Written by 13 men, Republican healthcare bill limits women's access to contraception and pregnancy coverage

The Senate's plan would defund Planned Parenthood for a year 

Alexandra Wilts
Washington DC
Friday 23 June 2017 18:47 BST
A woman holds a placard as people protest Trump administration policies that threaten the Affordable Care Act, Medicare and Medicaid
A woman holds a placard as people protest Trump administration policies that threaten the Affordable Care Act, Medicare and Medicaid (AFP/Getty Images)

The Senate Republicans’ healthcare bill will make it harder for women to access important health benefits such as birth control and maternity coverage, critics say.

As currently written, the measure, which was drafted by 13 male senators, would defund Planned Parenthood for a year as well as dramatically cut Medicaid, a healthcare programme for low-income Americans that pays for nearly half of all births in the US.

Currently, about 75% of the public dollars spent on family planning are Medicaid dollars.

According to the Kaiser Family Foundation, clinic-based providers such as Planned Parenthood are important sources of family planning services. A 2013 health survey found that one in three low-income women obtained birth control from a family planning clinic.

A decrease in Medicaid dollars for family planning services could lead to a rise in unexpected pregnancies among low-income women.

“If this is the Senate’s idea of a bill with heart, then the women of America should have fear struck in theirs,” Planned Parenthood President Cecile Richards said in a statement.

“Slashing Medicaid and blocking millions of women from getting preventive care at Planned Parenthood is beyond heartless. One in five women in this country rely on Planned Parenthood for care. They will not stay silent as politicians vote to take away their care and their rights.”

The safety-net provider delivers a wide range of reproductive health services and cancer screenings to more than 2.5 million women, Kaiser reported.

Many Republicans have long been vehement opponents of Planned Parenthood, which also provides abortion services, and have repeatedly attempted to prevent federal funds from going to the provider. Donald Trump has also vowed to defund it.

While the Senate bill does not specifically mention Planned Parenthood, it states that groups primarily engaged in family planning services, reproductive health, and providing abortions – other than abortions that are medically necessary or responses to cases of incest or rape – and whose Medicaid receipts exceeded $350 million in fiscal year 2014 — are barred from receiving federal funding through several health programmes, including Medicaid, for one year.

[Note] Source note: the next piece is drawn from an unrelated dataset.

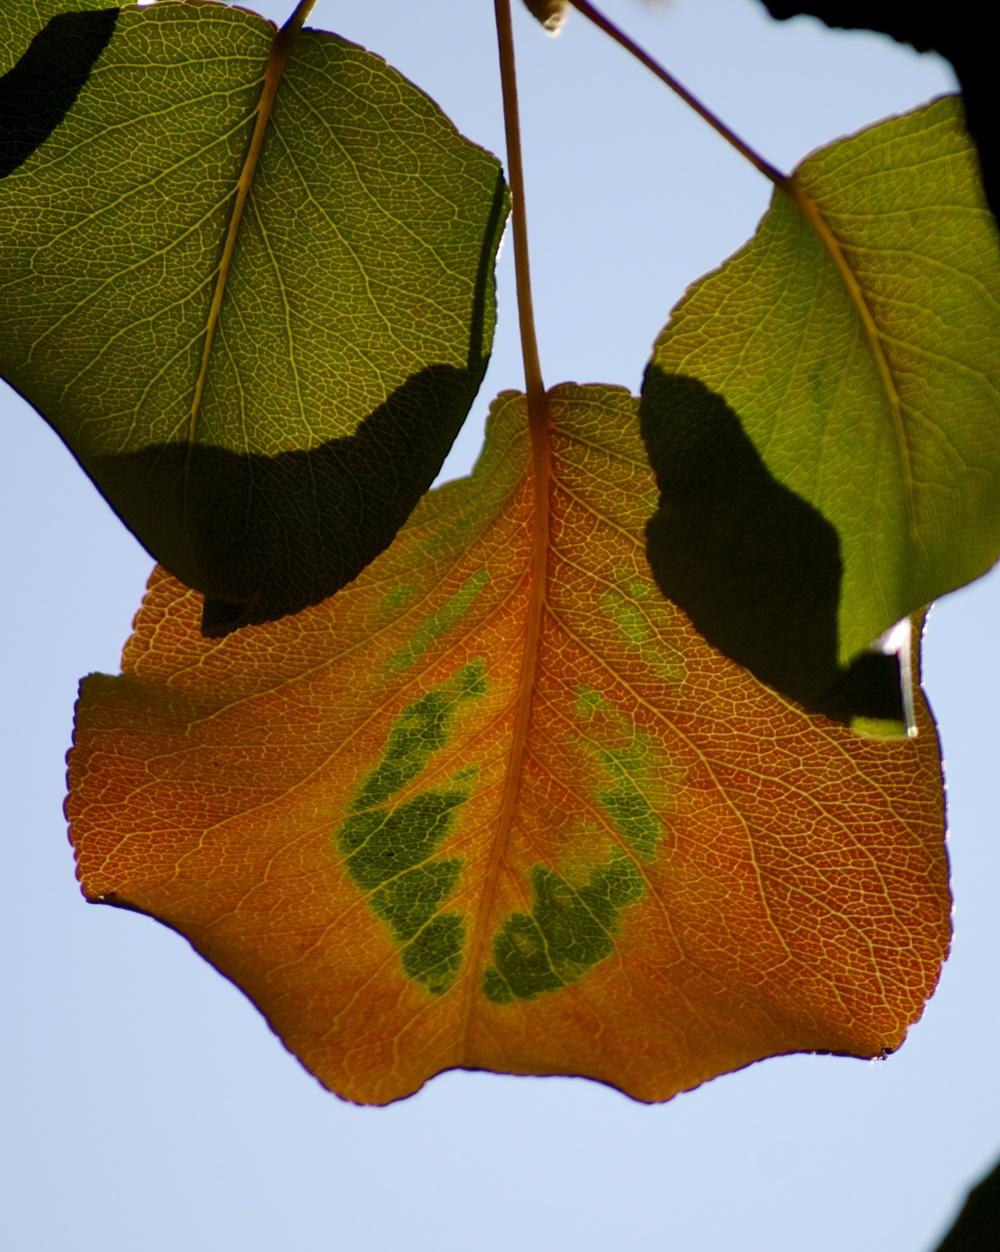 Callary Pear Leaves in Fall

Planned Parenthood would be considered one of these groups. But Republican senators Susan Collins of Maine and Lisa Murkowski of Alaska are likely to take issue with the defunding of the provider.

Along with stopping the flow of federal money to Planned Parenthood, the Senate bill would also enable states to opt out of having to provide essential health benefits, such as pregnancy and maternity care, to people purchasing individual or small-group insurance plans.

With a majority of 52 senators, Senate Majority Leader Mitch McConnell can only afford to lose two ‘yea’ votes on the healthcare measure. In the event of a 50-50 tie, Vice President Mike Pence would cast the deciding vote.

Four senators have already announced that they are not ready to vote for the bill, and others have expressed concerns.

There is also uncertainty over whether the defunding of Planned Parenthood in the bill would violate Senate rules.

Republicans are using a process known as budget reconciliation to try to pass their healthcare bill – so that they only need 51 votes instead of 60 – meaning that the legislation must be focused on reducing the federal budget deficit.

Any provisions in the bill that are not designed for this purpose may be excluded.